To adapt a language model to the task of relation extraction, we change the input representation of a sentence so that each of the individual terms are explicity marked. For example, we input a sentence such as ["All", "[TERM1-START]", "cells", "[TERM1-END]", "have", "a", "[TERM2-START]", "cell" "membrane", "[TERM2-END]", "."], and expect the model to output the probability distribution over different relationships that might exist between the two terms. The predicted relationship depends on the input training data.

4.3 Challenges in Relation Extraction

The primary challenge in relation extraction is to obtain the necessary training data. The weak supervision approach is quite promising because the training data need not be perfect. One can resort to sources such as Wikidata and Wordnet as a source of data for defining weak labeling functions. Developing new approaches for weak labeling functions is a topic of current and ongoing research.
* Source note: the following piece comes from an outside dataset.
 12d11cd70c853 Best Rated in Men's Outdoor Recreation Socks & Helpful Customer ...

We also need a good workflow to validate the results of the extractors. Quite often the validation can be done through crowdsourcing. One can also prioritize the validation of those extracted relations where the confidence is low. Developing such active learning loops is another important and current research challenge.

5. Summary

In this chapter, we considered the problem of creating a knowledge graph by processing text. We addressed two fundamental problems of entity extraction and relation extraction. For both of these tasks, the early work focused on defining manual and syntactic rules for extraction. More recent popular approaches rely on adapting pre-trained language models, and customizing them to the specific corpus at hand.
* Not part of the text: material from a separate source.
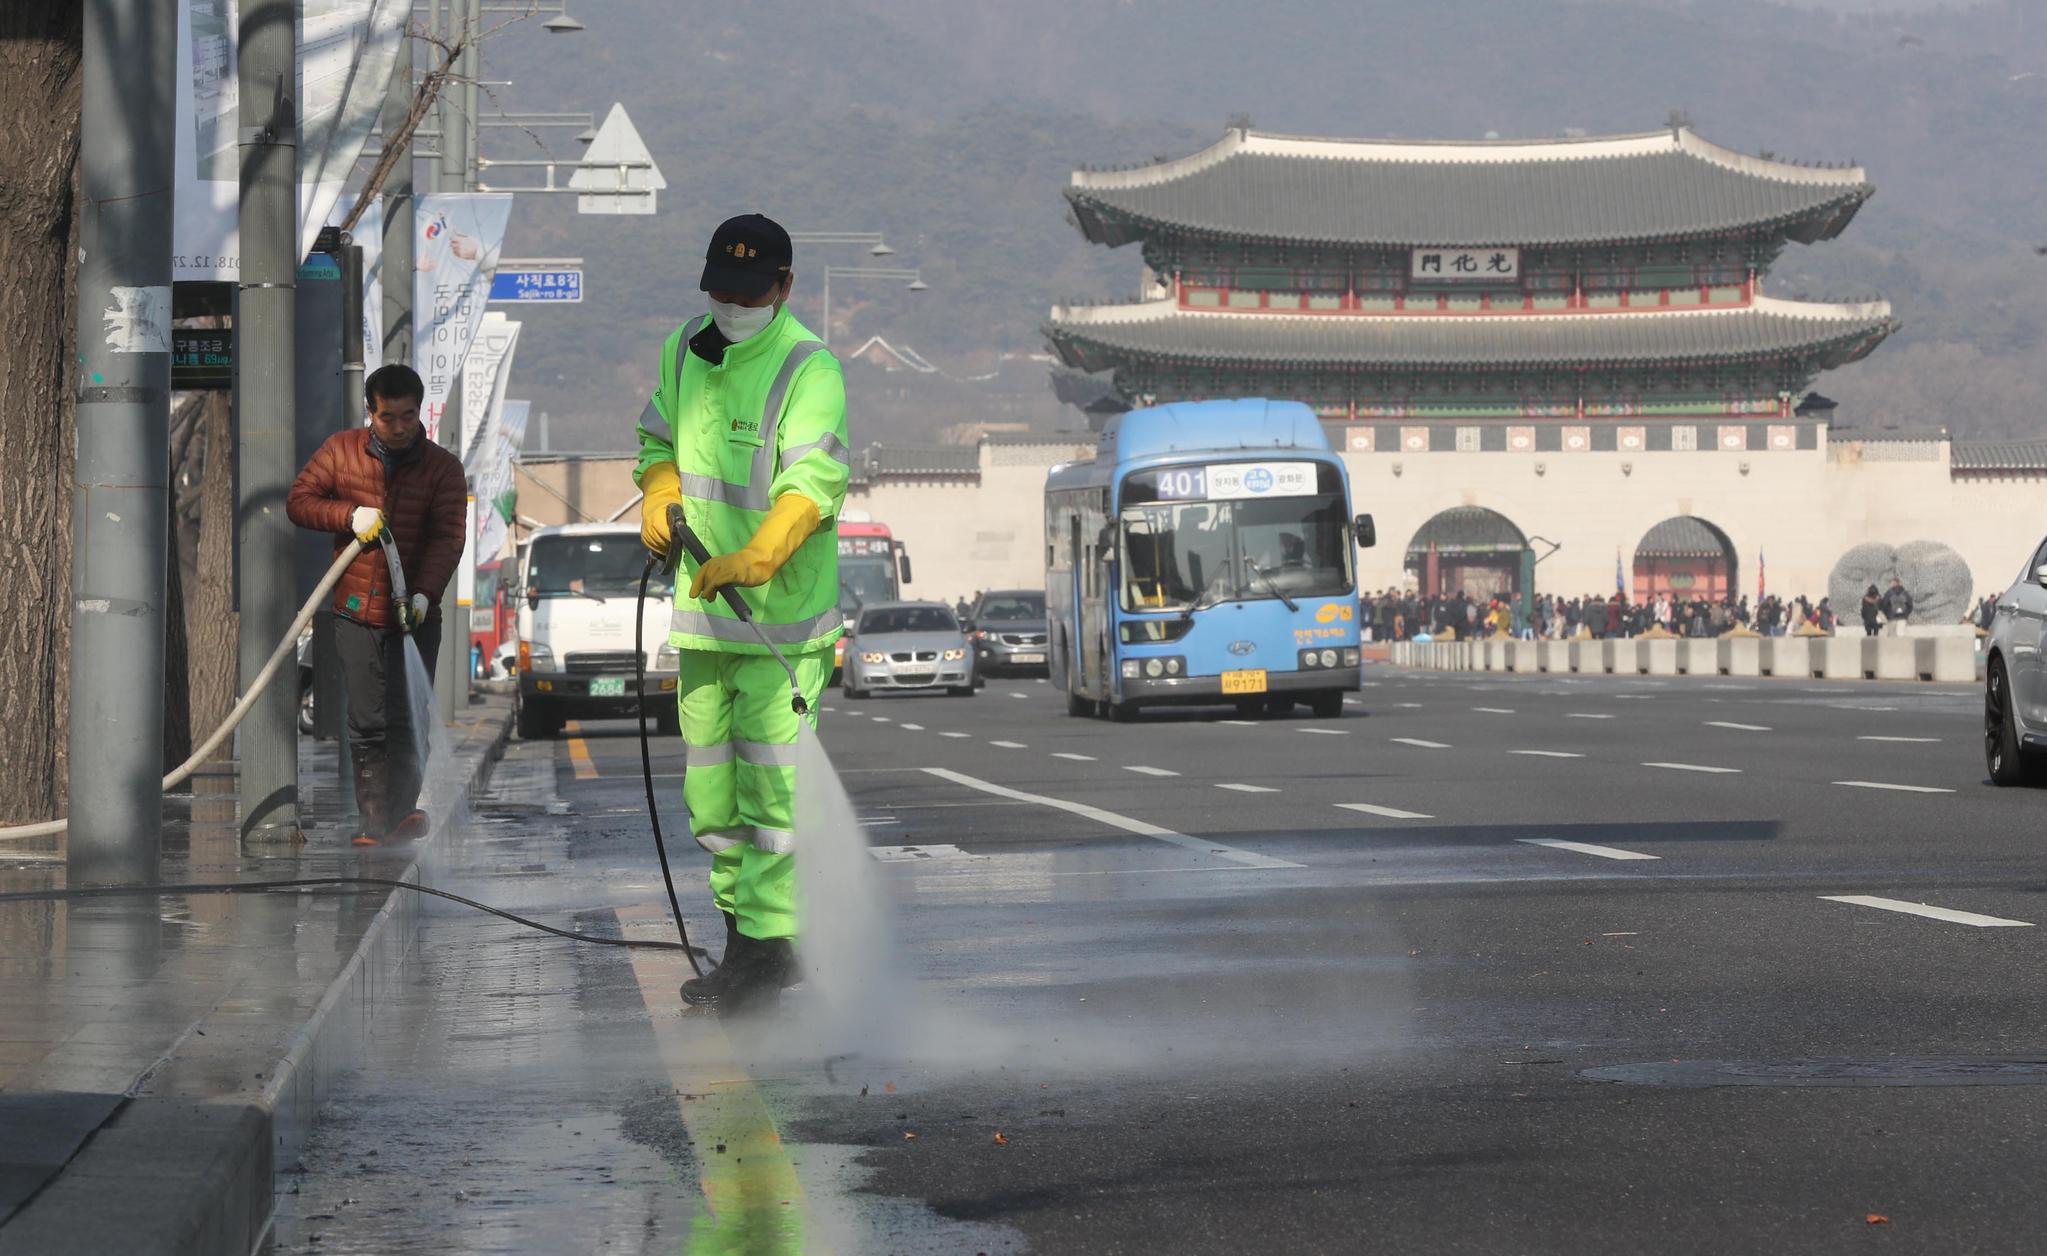 미세먼지, 초미세먼지 농도가 나쁨 수준을 보인 13일 오후 서울 종로구청 관계자들이 세종문화회관 앞 도로를 청소하고 있다. 강정현 기자

For both entity and relation extraction, the most prevalent current approach is to adapt a language models that has been previously created using deep learning. Existing approaches that are syntactic or rule-based play an important role in bootstrapping the training data required for the deep learning models. Validating the output of extraction remains an ongoing challenge.

The problem of entity linking or entity resolution is an equally important problem for creating knowledge graphs, but we have chosen to omit it from the discussion here for two reasons. First, we believe that the challenge of getting good performance on entity and relation extraction, by itself, is a significant hurdle. Second, a prerequisite to a good performance on entity linking is the availability of a good lexicon. For these reasons, entity resolution is an advanced technique, and it may or may not be the primary bottleneck in solving the business problem for which we are creating the knowledge graph.